Install a Subcloud Without Redfish Platform Management Service

For subclouds with servers that do not support Redfish Virtual Media Service, the ISO is installed locally at the subcloud. You can use the Central Cloud’s CLI to bootstrap subclouds from the Central Cloud.

About this task

After physically installing the hardware and network connectivity of a subcloud, the subcloud installation process has two phases:

  • Installing the ISO on controller-0; this is done locally at the subcloud by using either, a bootable USB device, or a local PXE boot server

  • Executing the dcmanager subcloud add command in the Central Cloud that uses Ansible to bootstrap StarlingX on controller-0 in the subcloud

Note

After a successful remote installation of a subcloud in a Distributed Cloud system, a subsequent remote reinstallation fails because of an existing ssh key entry in the /root/.ssh/known_hosts on the System Controller. In this case, delete the host key entry, if present, from /root/.ssh/known_hosts on the System Controller before doing reinstallations.

Prerequisites

  • You must have downloaded update-iso.sh from a StarlingX mirror.

  • In order to deploy subclouds from either controller, all local files that are referenced in the subcloud-bootstrap-values.yaml file must exist on both controllers (for example, /home/sysadmin/docker-registry-ca-cert.pem).

Procedure

  1. At the subcloud location, physically install the servers and network connectivity required for the subcloud.

    Note

    The servers require connectivity to a gateway router that provides IP routing between the subcloud management subnet and the System Controller management subnet, and between the subcloud OAM subnet and the System Controller subnet.

  2. Update the ISO image to modify installation boot parameters (if required), automatically select boot menu options and add a kickstart file to automatically perform configurations such as configuring the initial IP Interface for bootstrapping.

    For subclouds, the initial IP Interface should be the planned OAM IP Interface for the subcloud.

    Use the update-iso.sh script from a StarlingX mirror. The script is used as follows:

    update-iso.sh --initial-password <password> -i <input bootimage.iso> -o <output bootimage.iso>
                    [ -a <ks-addon.cfg> ] [ -p param=value ]
                    [ -d <default menu option> ] [ -t <menu timeout> ]
         -i <file>: Specify input ISO file
         -o <file>: Specify output ISO file
         -a <file>: Specify ks-addon.cfg file
         --initial-password <password>: Specify the initial login password for sysadmin user
         --no-force-password: Do not force password change on initial login (insecure)
    
         -p <p=v>:  Specify boot parameter
                    Examples:
                    -p instdev=/dev/disk/by-path/pci-0000:00:0d.0-ata-1.0
    
         -d <default menu option>:
                    Specify default boot menu option:
                    0 - Standard Controller, Serial Console
                    1 - Standard Controller, Graphical Console
                    2 - AIO, Serial Console
                    3 - AIO, Graphical Console
                    4 - AIO Low-latency, Serial Console
                    5 - AIO Low-latency, Graphical Console
                    NULL - Clear default selection
         -t <menu timeout>:
                    Specify boot menu timeout, in seconds
    

    The following example ks-addon.cfg file, used with the -a option, sets up an initial IP interface at boot time by defining a VLAN on an Ethernet interface and has it use DHCP to request an IP address.

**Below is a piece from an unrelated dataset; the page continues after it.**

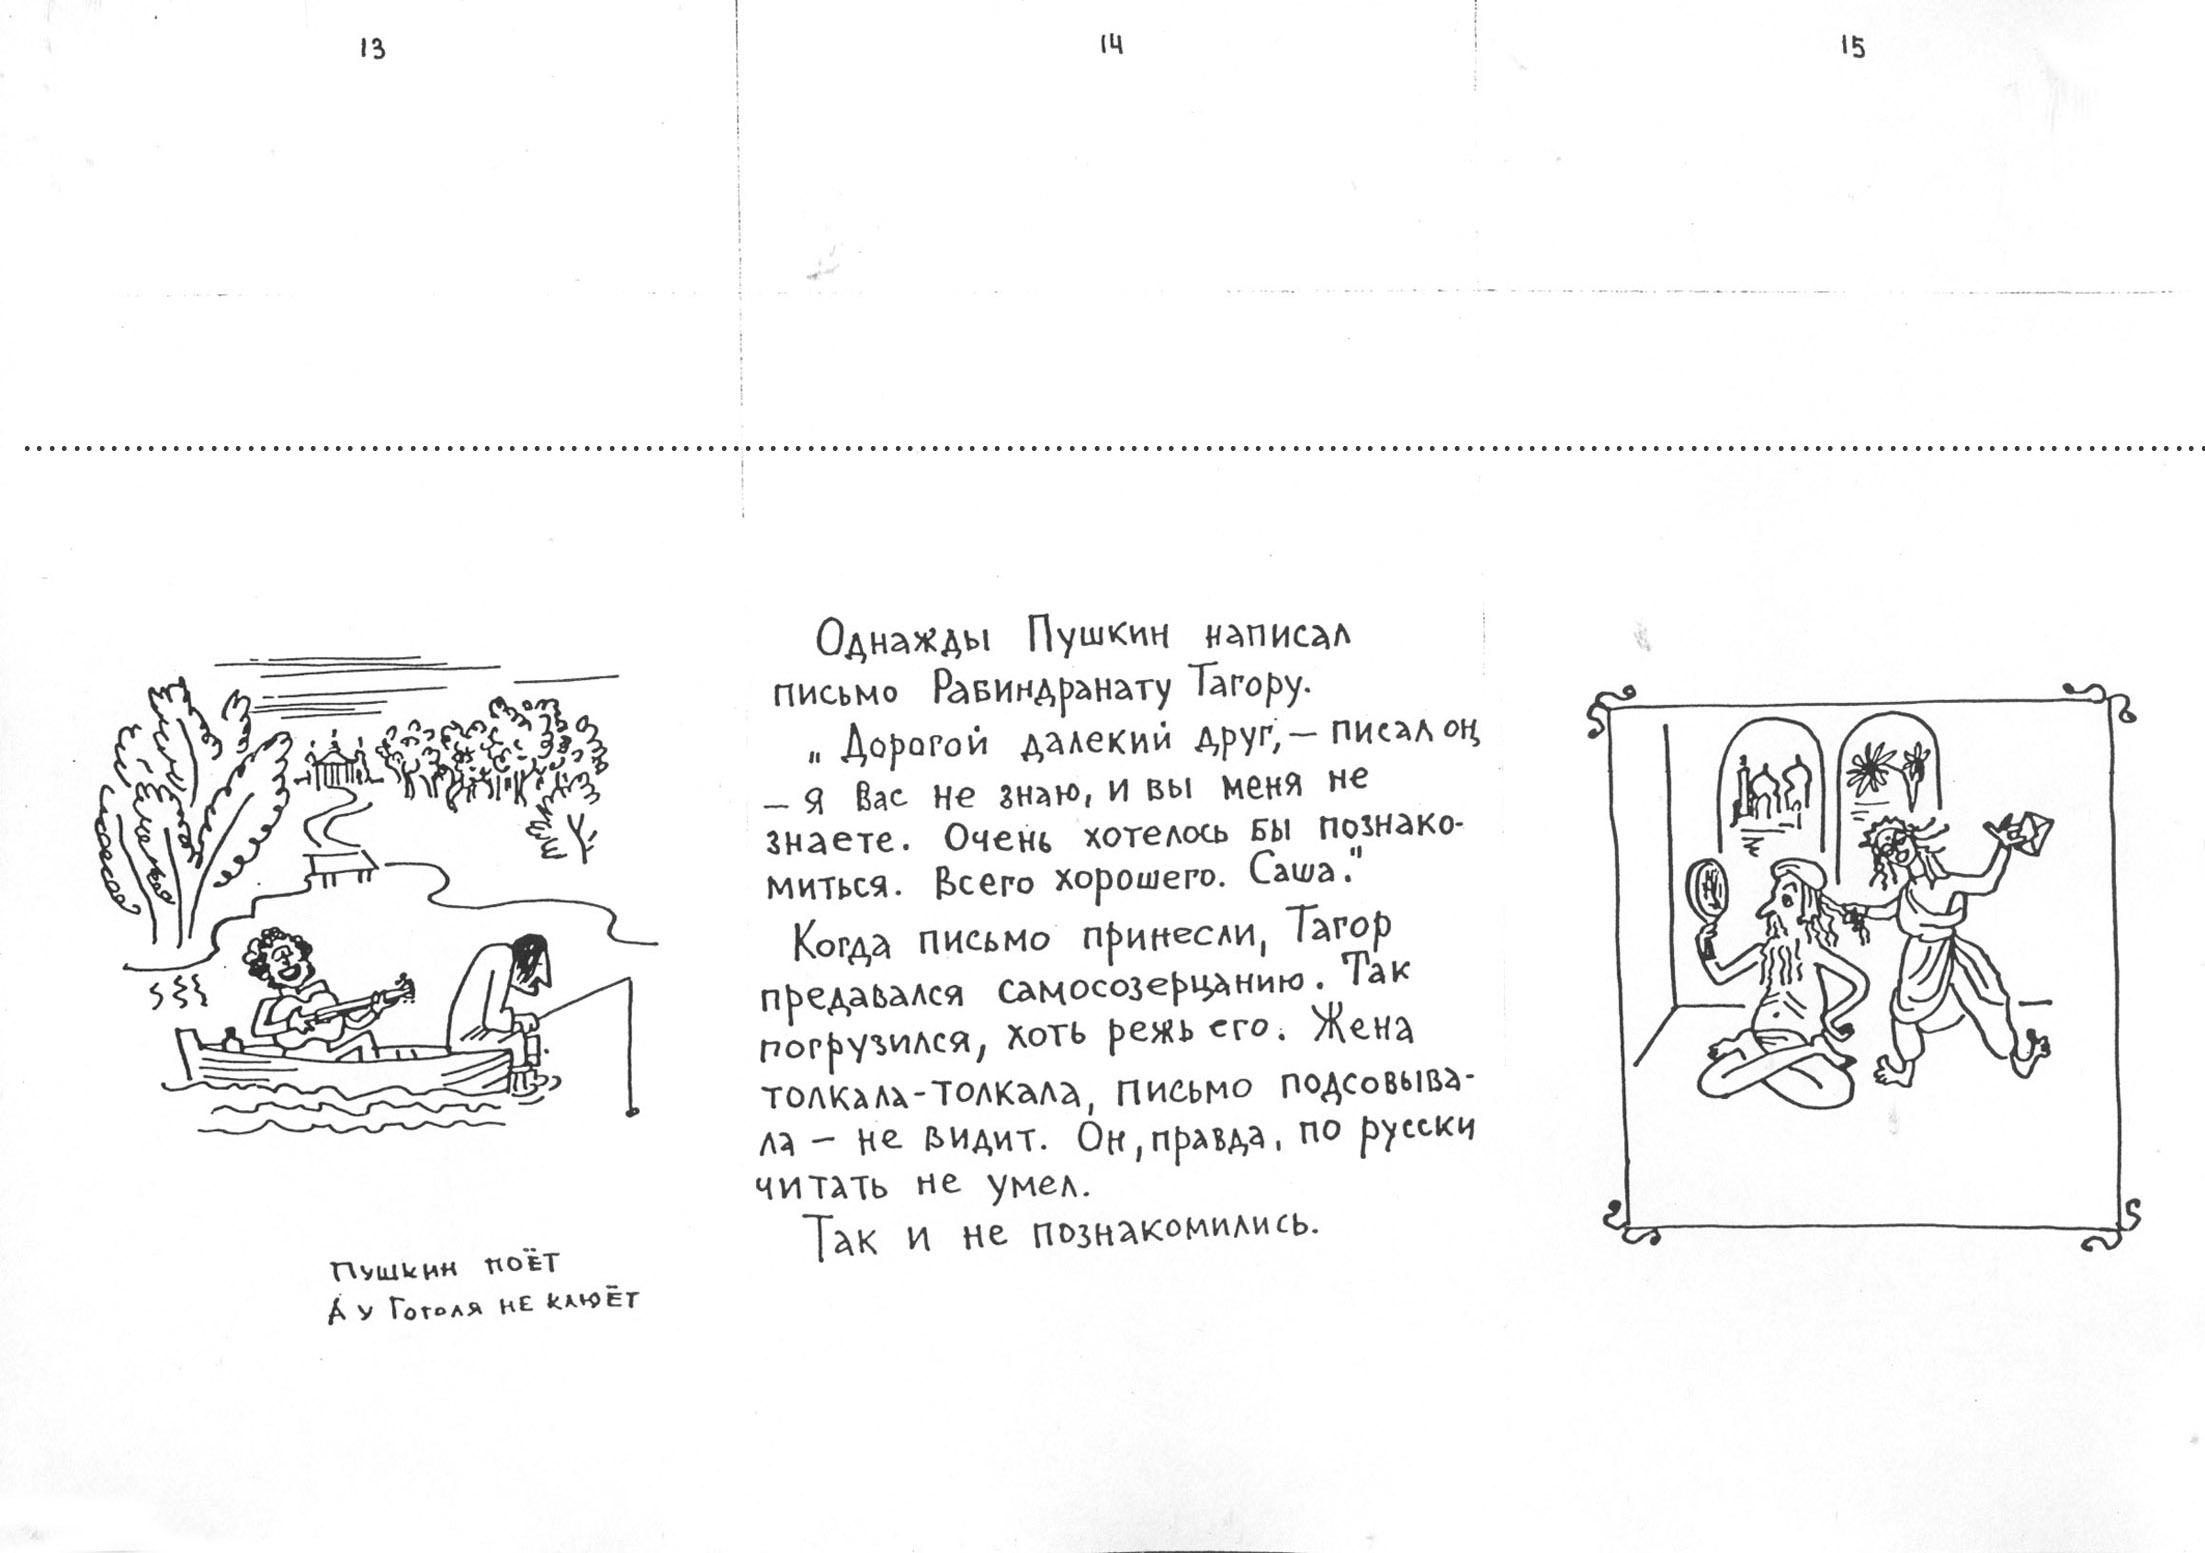 13-15.jpg
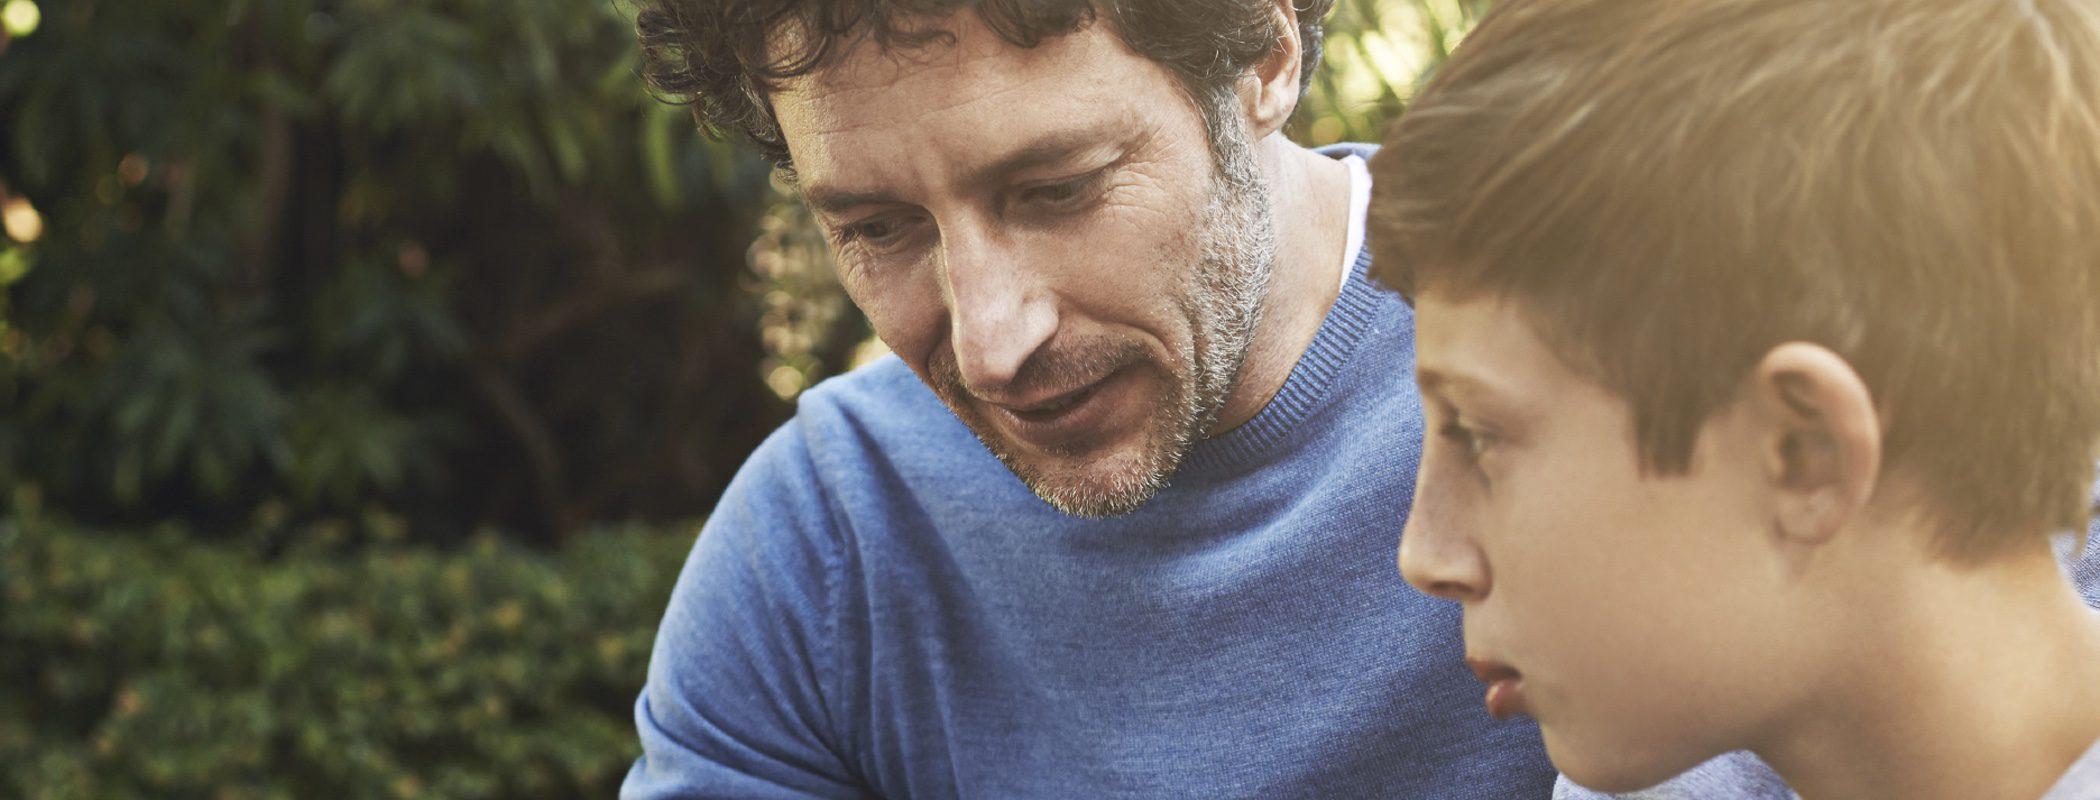 Cómo explicar a los hijos las causas y consecuencias del divorcio

    In Debian, by default the ks-addon.cfg script is executed outside of the installing subcloud runtime (outside the chroot environment). As a result, the script does not have access to the kernel runtime command shell. Instead, the file system must be accessed via the provided $IMAGE_ROOTFS environment variable.

    If required, a chroot can be manually entered, allowing full access to the installing subcloud’s execution environment. See the ks-addon.cfg given below for an example.

    #### start ks-addon.cfg
    
    DEVICE=enp0s3
    OAM_VLAN=1234
    OAM_ADDR="xxxx:xxxx:x:xxxx:xx:x:x:x"
    
    # This section is run outside of the subcloud target runtime.
    # The IMAGE_ROOTFS environment variable is set to the root of the target filesystem
    
    cat << EOF > ${IMAGE_ROOTFS}/etc/network/interfaces.d/ifcfg-${DEVICE}
    auto ${DEVICE}
    iface ${DEVICE} inet6 manual
    mtu 9000
    post-up echo 0 > /proc/sys/net/ipv6/conf/${DEVICE}/autoconf;\
    echo 0 > /proc/sys/net/ipv6/conf/${DEVICE}/accept_ra;\
    echo 0 > /proc/sys/net/ipv6/conf/${DEVICE}/accept_redirects
    EOF
    
    cat << EOF > ${IMAGE_ROOTFS}/etc/network/interfaces.d/ifcfg-vlan${OAM_VLAN}
    auto vlan${OAM_VLAN}
    iface vlan${OAM_VLAN} inet6 static
    vlan-raw-device ${DEVICE}
    address ${OAM_ADDR}
    netmask 64
    gateway ${OAM_GW_ADDR}
    mtu 1500
    post-up /usr/sbin/ip link set dev vlan${OAM_VLAN} mtu 1500;\
    echo 0 > /proc/sys/net/ipv6/conf/vlan${OAM_VLAN}/autoconf;\
    echo 0 > /proc/sys/net/ipv6/conf/vlan${OAM_VLAN}/accept_ra;\
    echo 0 > /proc/sys/net/ipv6/conf/vlan${OAM_VLAN}/accept_redirects
    EOF
    
    # If execution is required inside the chroot environment, you can manually enter the
    # chroot and run commands. Note: quotes around EOF are required:
    cat << "EOF" | chroot "${IMAGE_ROOTFS}" /bin/bash -s
      echo "ks-addon.cfg: inside chroot"
    
      # chrooted commands go here.
      # Commands are executed in the context of the installing subcloud.
    
    EOF
    
    #### end ks-addon.cfg
    

    After updating the ISO image, create a bootable USB with the ISO or put the ISO on a PXEBOOT server.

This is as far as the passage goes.